Sports massage can improve your athletic performance | PostIndependent.com

Sports massage can improve your athletic performance

Mark Volf
Glenwood Hot Springs Athletic Club
Mark Volf, Glenwood Hot Springs Athletic Club Director
Staff Photo |

Race season is quickly approaching — that time of the year when runners, cyclists and endurance athletes willingly choose to spend their weekends pushing their physical and mental boundaries. From May through October runners, bikers, triathletes and extreme athletes participate in events that range from 5K and 10K fun runs like the Strawberry Shortcut and sprint races such as the Tri-Glenwood Triathlon to hardcore endurance challenges like the Ride the Rockies and Tough Mudder events. While in-sport training for these events is vital, many athletes don’t realize that adding a regimen of sports massage to their training calendar can up their game, both during the training phase and on performance day.

Have you ever noticed that at many race events, there are tents set up for postrace massage? There’s a good reason for that: Massage has tangible benefits for athletes after a race, but it’s also helpful during training, and there are even prerace perks to sports massage.

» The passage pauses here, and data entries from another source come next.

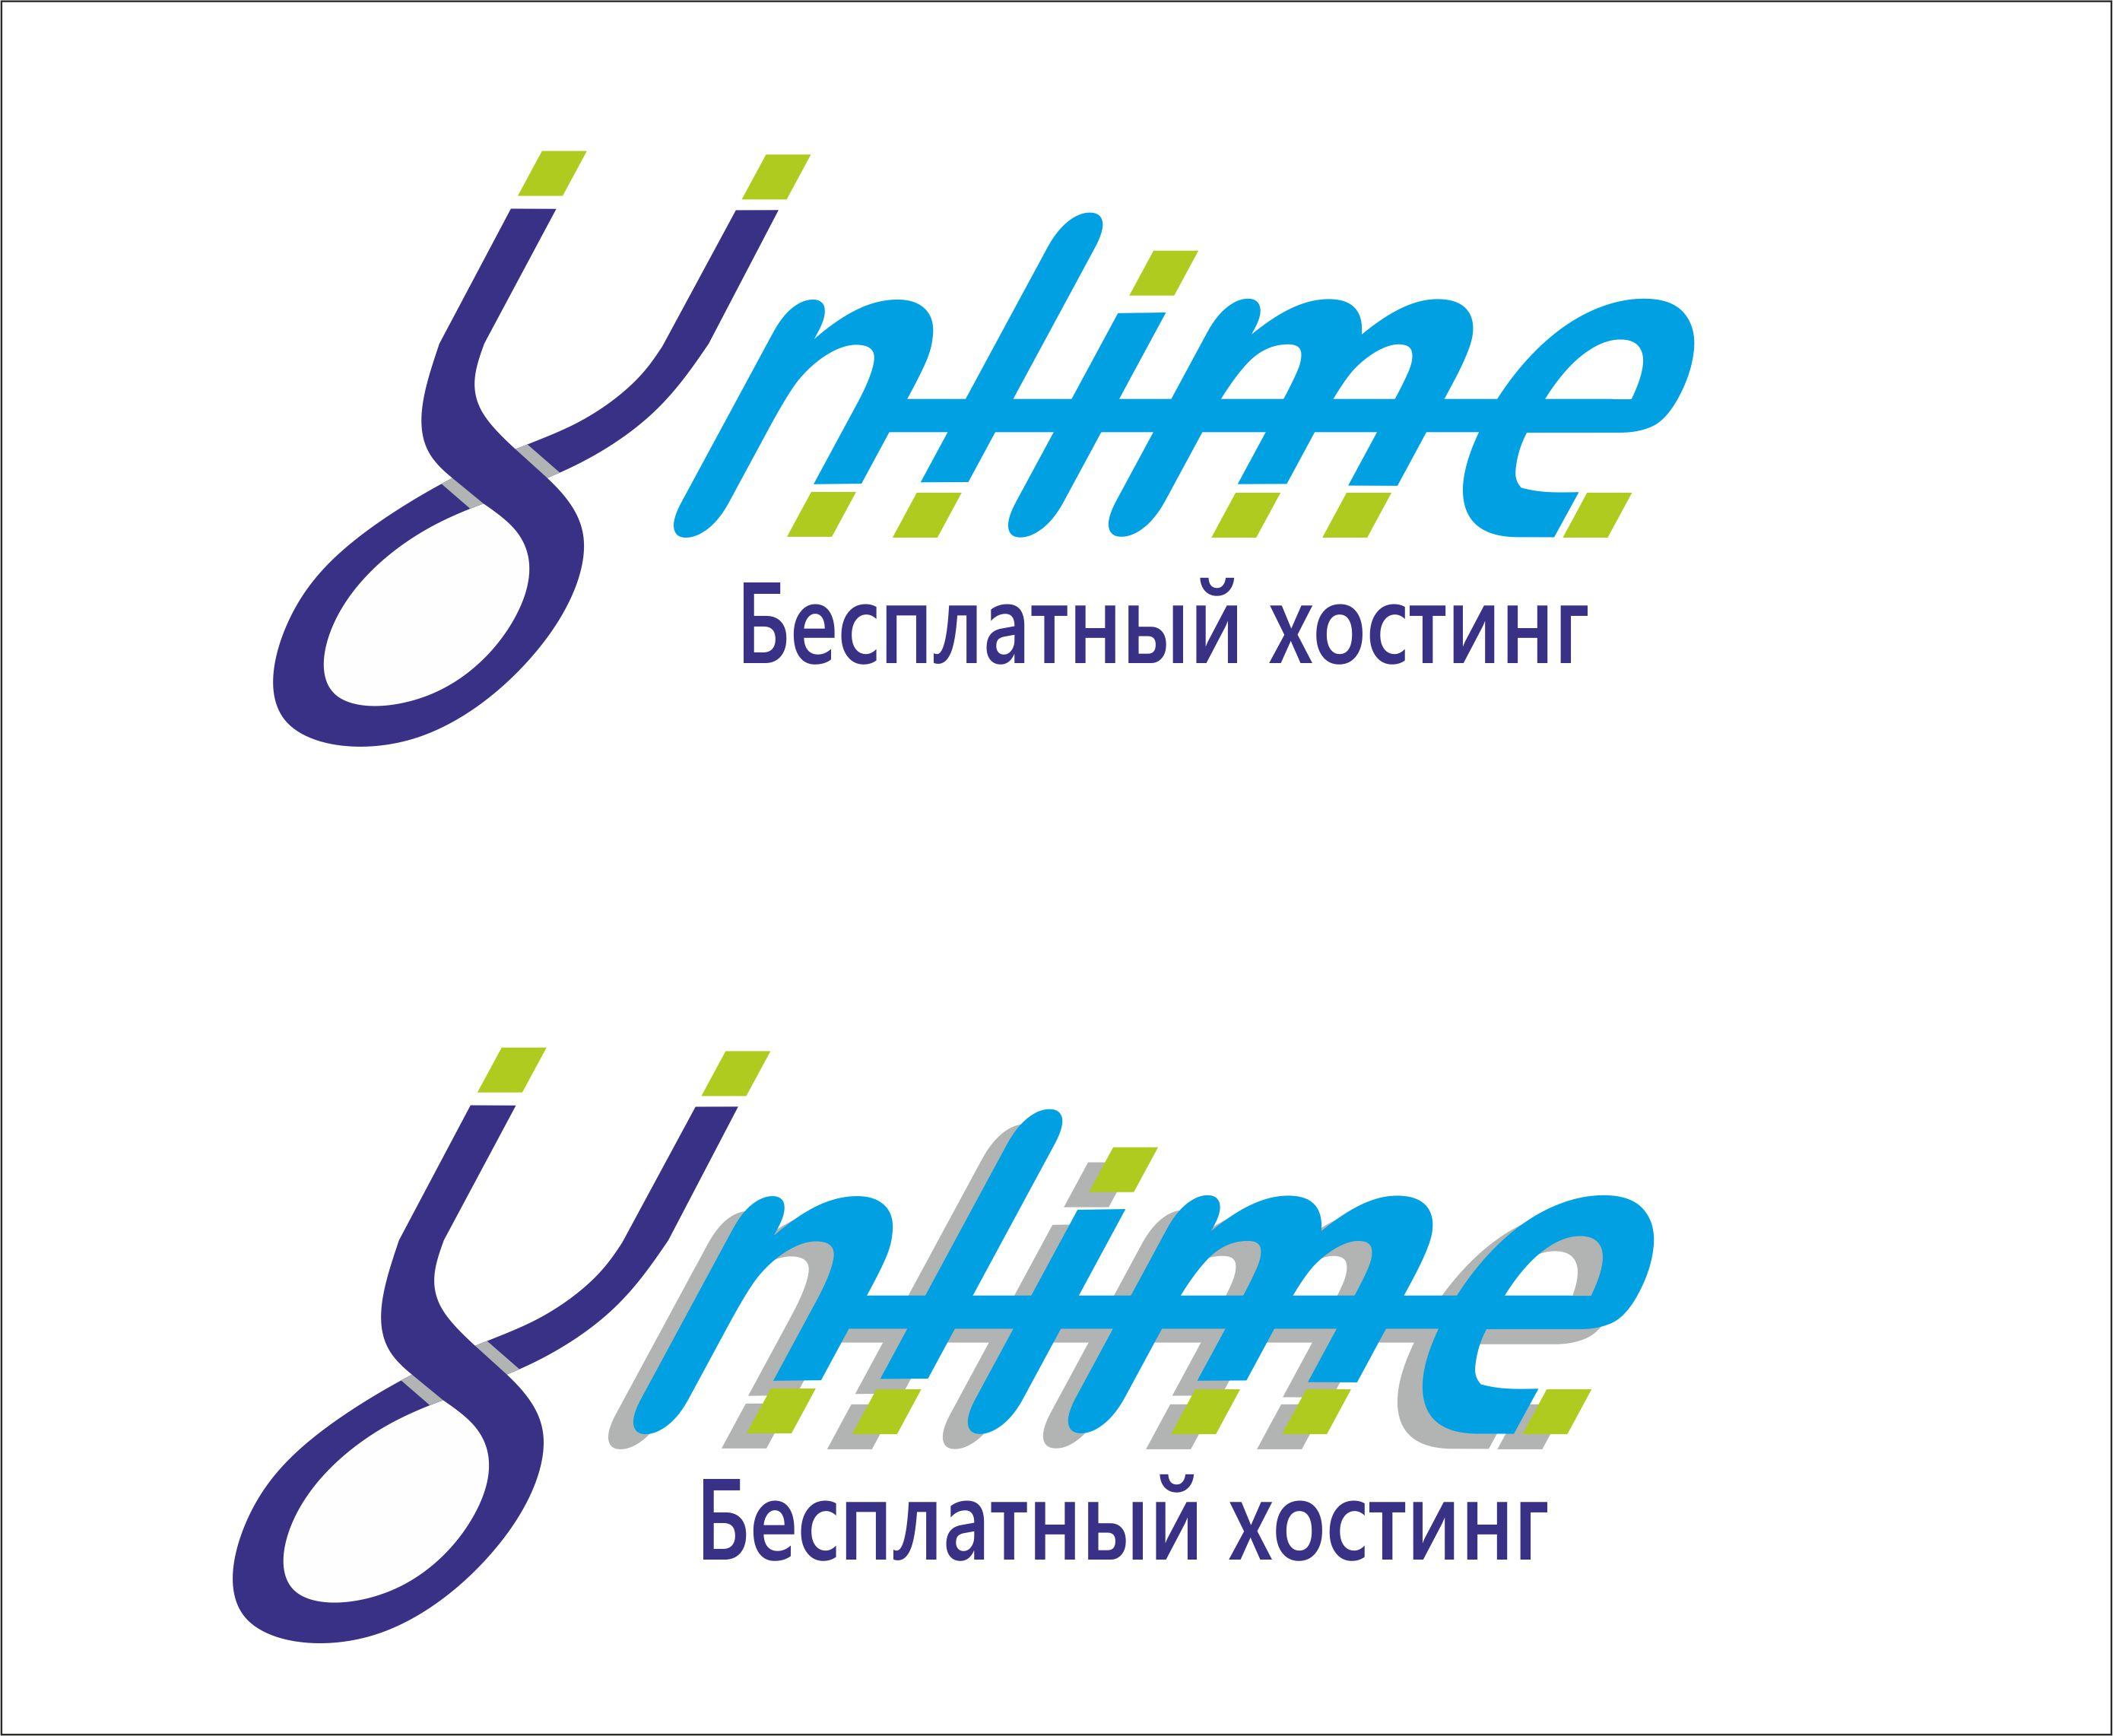 Разработка логотипа и фирменного стиля фото f_278594c169579bc5.jpg
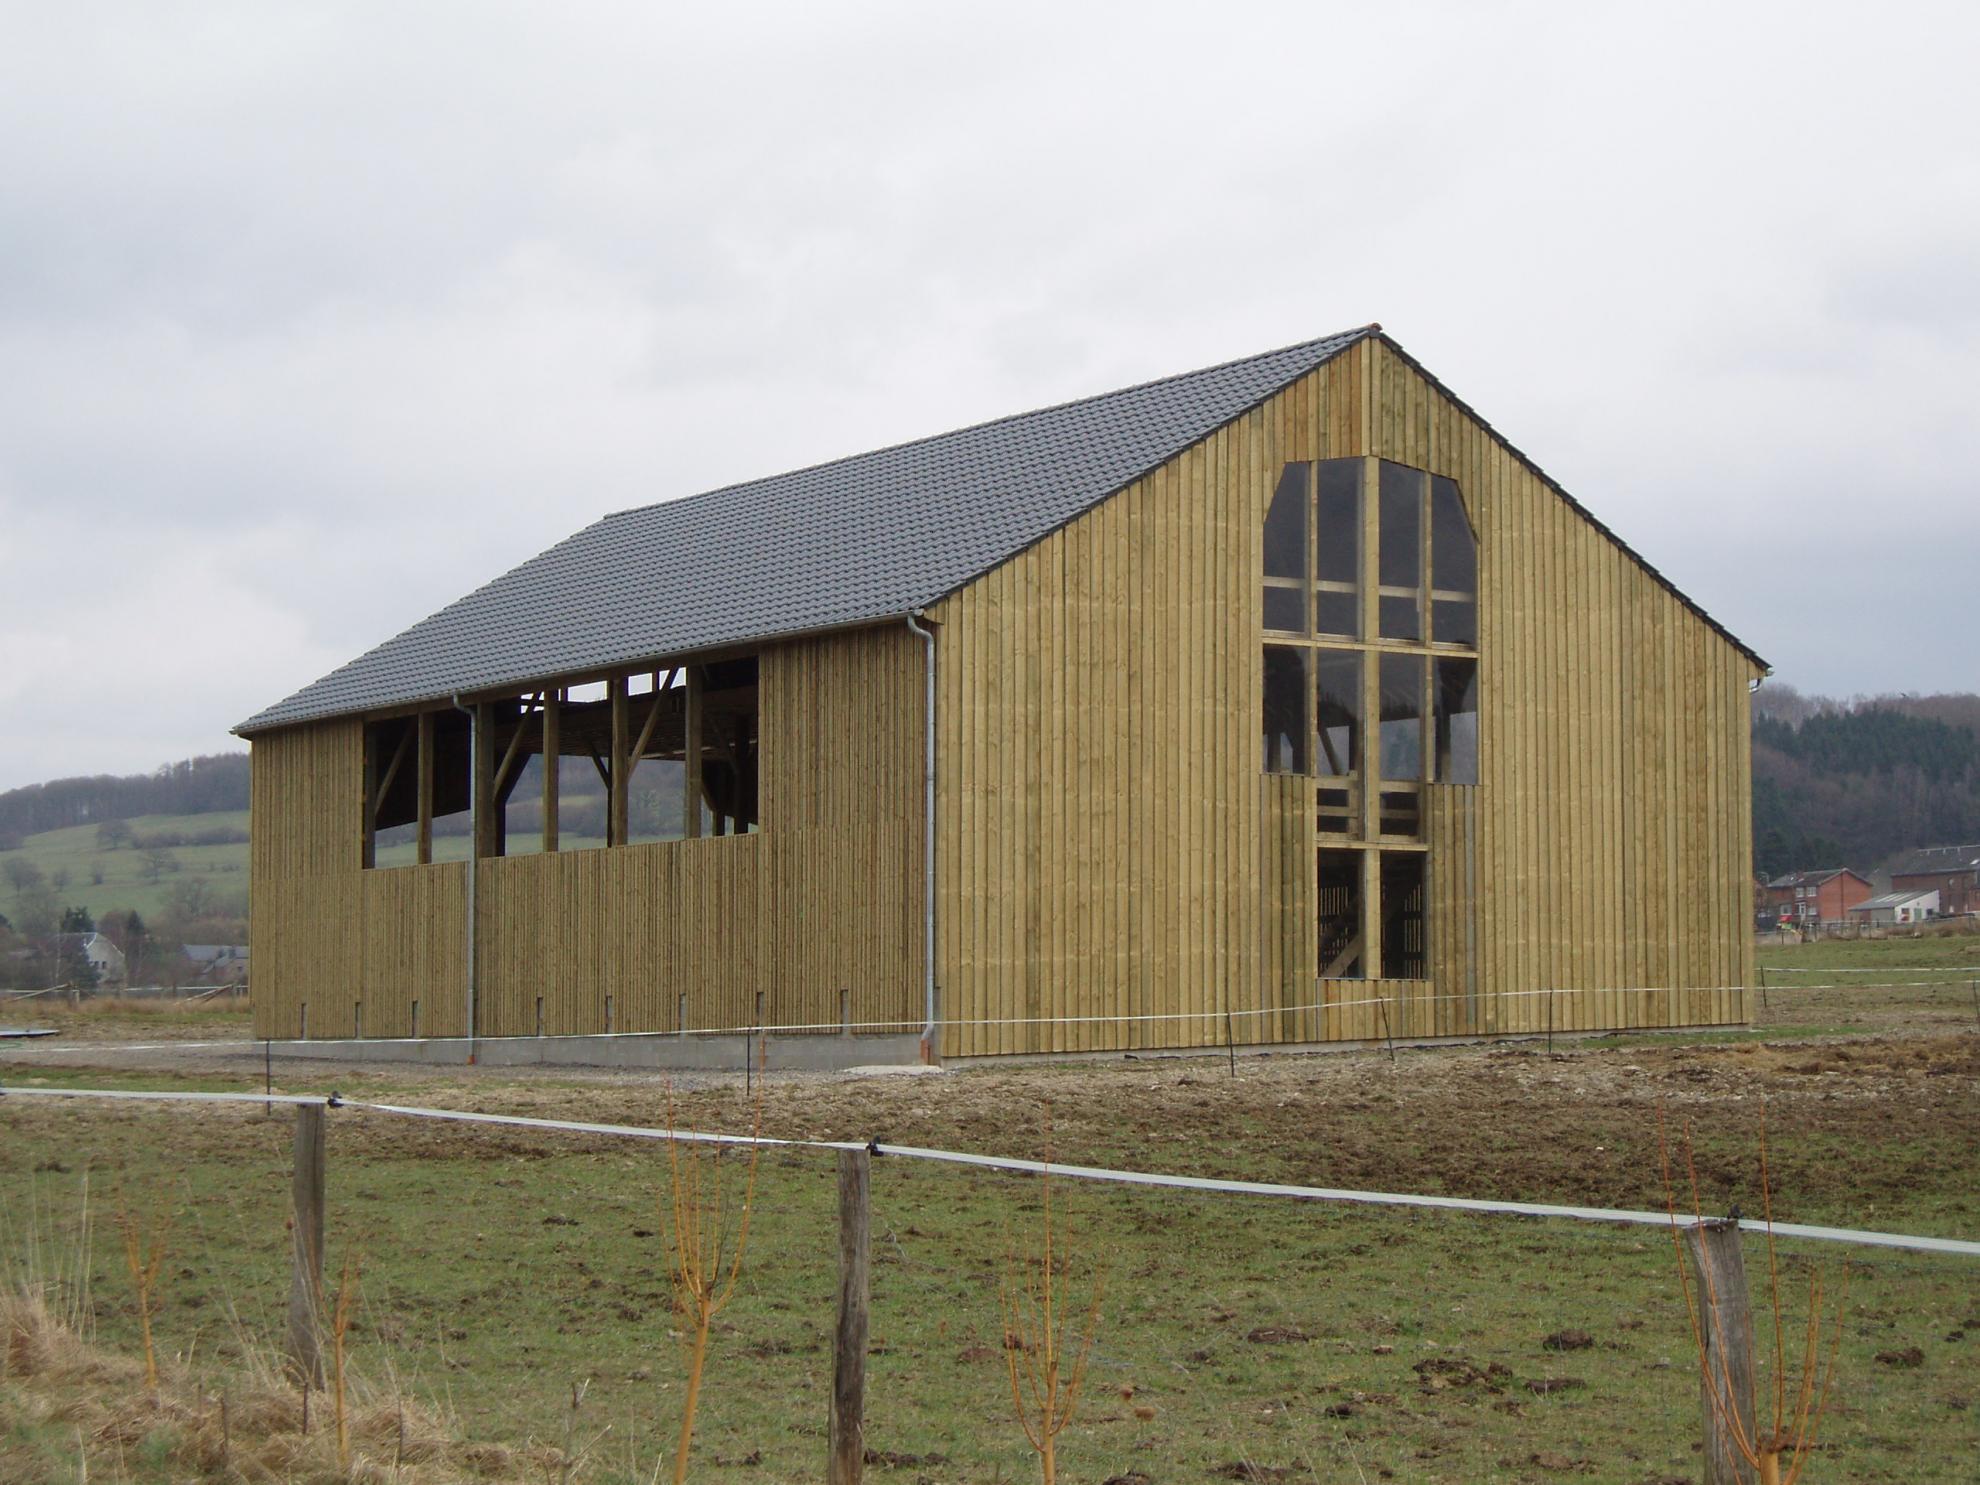 constructeur batiment hangar agricole et table en bois havelange province namur belgique
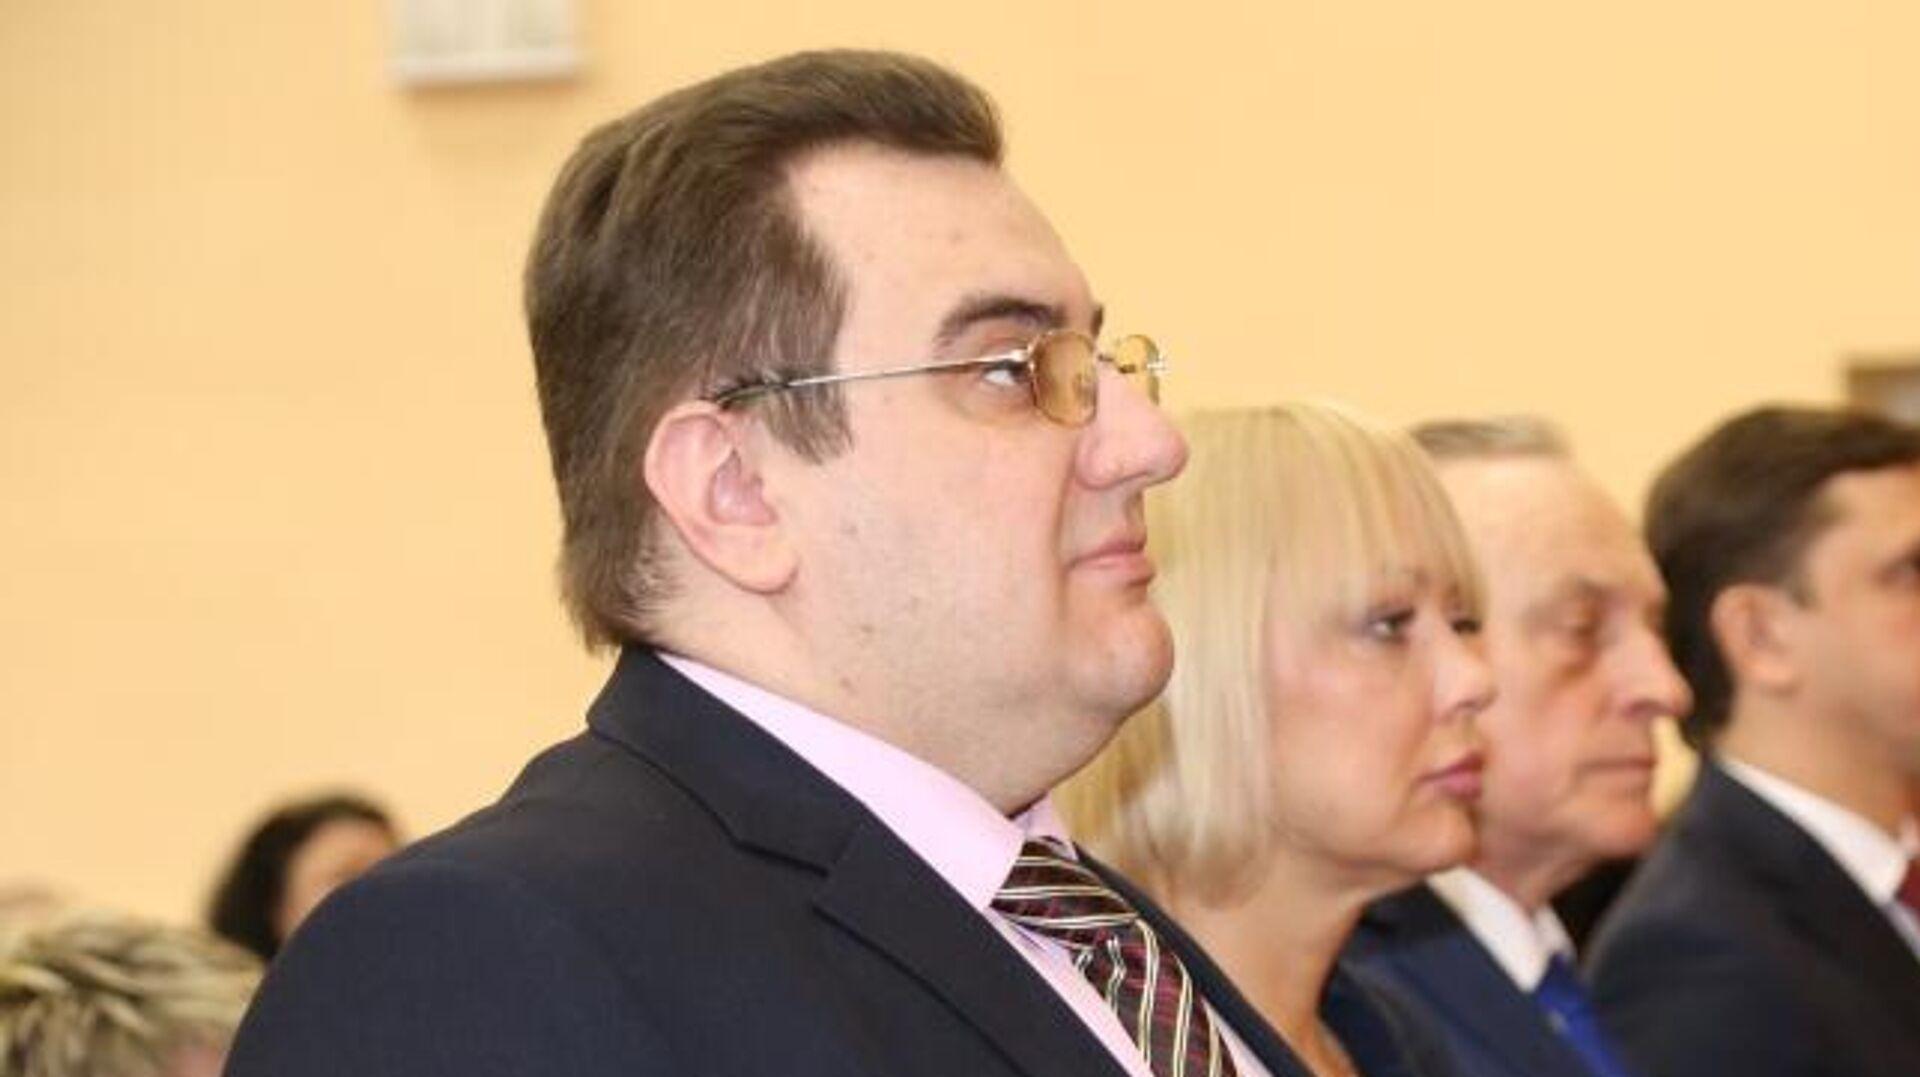 """Власти объяснили """"задержку"""" главы Челябинска в ОАЭ за счет бюджета"""

So what is sports massage, and how does it help athletes improve their training and performance? Sports massage is a form of physical therapy that is specific to the needs of the athlete; it is very different from spa massages that are designed to first and foremost relax and pamper the client. From a physiological perspective, sports massage can help counteract overuse damage, facilitate faster muscle and tissue healing, improve overall flexibility, increase blood circulation, alleviate soreness and encourage restorative sleep patterns. From a psychological perspective, sports massage can help the athlete relax, reduce performance anxiety and gain a general sense of well-being.

Some of the benefits of sports massage backed up by science include:

• Increased tissue permeability — Sports massage incorporates deep pressure that assists membranes within tissues to open allowing nutritive and waste products to pass through. Nutrients help tissues to repair damage; eliminating waste products like lactic acid helps reduce fatigue and soreness.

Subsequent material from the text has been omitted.